The LLT interfaces don't seem to be used by MultiNICB (unless you have other MultiNICB resources configured) - which is good/correct.

Are you sure the MultiNICB messages are from the dlpiping, or from when you tried to configure an interface on the same subnet as mentioned above ( https://www-secure.symantec.com/connect/forums/veritas-cluster-server-heartbeat-link-down-jeapordy-state#comment-9082031 ) - it's hard to tell as there are no timestamps on the log messages provided

I still think the dlpiping would be the most straightforward way to see if the interfaces can see each other correctly

node1# /opt/VRTSllt/dlpiping -s /dev/ce:4

node2# /opt/VRTSllt/dlpiping -c /dev/ce:4 00:03:BA:94:F8:5F

or reverse

node2# /opt/VRTSllt/dlpiping -s /dev/ce:4

node1# /opt/VRTSllt/dlpiping -c /dev/ce:4 00:03:BA:94:A4:6F

Daniel_Matheus
Level 4
Employee Accredited Certified

Hello Brian,

 

I just reproduced this inhouse by disabling the LLT link on the 2nd node.

 

Link working:

[root@server102 /]# lltstat -nvv
LLT node information:
    Node                 State    Link  Status  Address
   * 0 server102         OPEN
                                  e1000g0   UP      00:50:56:05:3C:E2
                                  e1000g1   UP      00:50:56:05:3C:E3
     1 server101         OPEN
                                  e1000g0   UP      00:50:56:05:3A:E0
                                  e1000g1   UP      00:50:56:05:3A:E1

 

 

You see packets get transferred


[root@server102 /]# snoop -d e1000g0
Using device e1000g0 (promiscuous mode)
           ? -> *            ETHER Type=CAFE (Unknown), size=62 bytes
           ? -> *            ETHER Type=CAFE (Unknown), size=62 bytes
           ? -> *            ETHER Type=CAFE (Unknown), size=62 bytes
server102-priv -> (broadcast)  ARP C Who is 192.168.40.102, server102-priv ?
           ? -> *            ETHER Type=CAFE (Unknown), size=62 bytes
           ? -> *            ETHER Type=CAFE (Unknown), size=62 bytes
           ? -> *            ETHER Type=CAFE (Unknown), size=62 bytes
           ? -> *            ETHER Type=CAFE (Unknown), size=62 bytes
           ? -> *            ETHER Type=CAFE (Unknown), size=62 bytes
           ? -> *            ETHER Type=CAFE (Unknown), size=62 bytes
           ? -> *            ETHER Type=CAFE (Unknown), size=62 bytes
           ? -> *            ETHER Type=CAFE (Unknown), size=62 bytes
           ? -> *            ETHER Type=CAFE (Unknown), size=62 bytes
 

 

Link disabled on the 2nd node

[root@server102 /]# lltstat -nvv
LLT node information:
    Node                 State    Link  Status  Address
   * 0 server102         OPEN
                                  e1000g0   UP      00:50:56:05:3C:E2
                                  e1000g1   UP      00:50:56:05:3C:E3
     1 server101         OPEN
                                  e1000g0   DOWN
                                  e1000g1   UP      00:50:56:05:3A:E1

 

Now you see the same broadcast messages as in your snoop


[root@server102 /]# snoop -d e1000g0
Using device e1000g0 (promiscuous mode)
           ? -> (broadcast)  ETHER Type=CAFE (Unknown), size=90 bytes
           ? -> (broadcast)  ETHER Type=CAFE (Unknown), size=90 bytes
           ? -> (broadcast)  ETHER Type=CAFE (Unknown), size=90 bytes
           ? -> (broadcast)  ETHER Type=CAFE (Unknown), size=90 bytes

 

As you have the same problem on both nodes the issue is definitely in your network.

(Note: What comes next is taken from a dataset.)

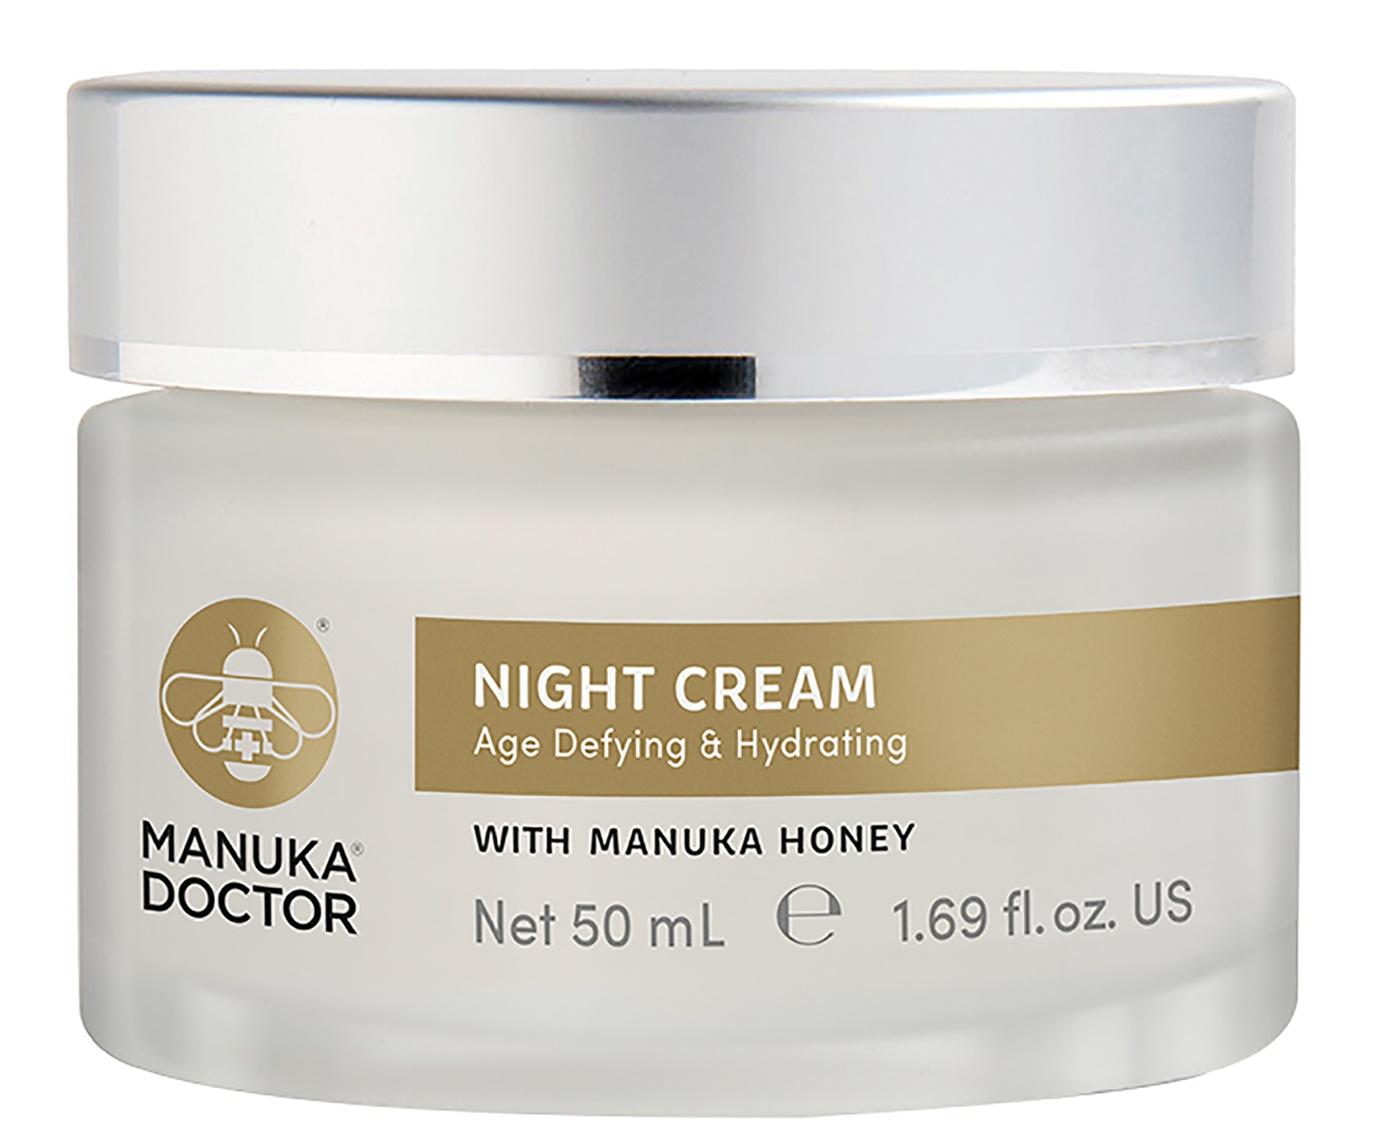 Manuka Doctor Manuka Skincare Night Cream

You need to check the cabling and your Switch/Vlan setting.

 

Thanks,
Dan

Marianne
Level 6
Partner    VIP    Accredited Certified

Extract from one of your older posts:

Seems that way, I plumb the interfaces and tried pinging them but there was no respond.

You need to call your network administrator and show that ping is not working.

 

kittu_pandu
Level 2

Hi

I am having a  little knwlodege on vcs , after a reboot of a server i found that node states as ADMIN_WAIT_STATE and other node state as LEAVING this is a 2-NODE CLUSTER

Is this occured due to incorrect configuration file? correct me if iam wrong

please explain me in which situations we find these errors

in which situations we find STALE file/error in MAIN.CF file

Thanks and Regards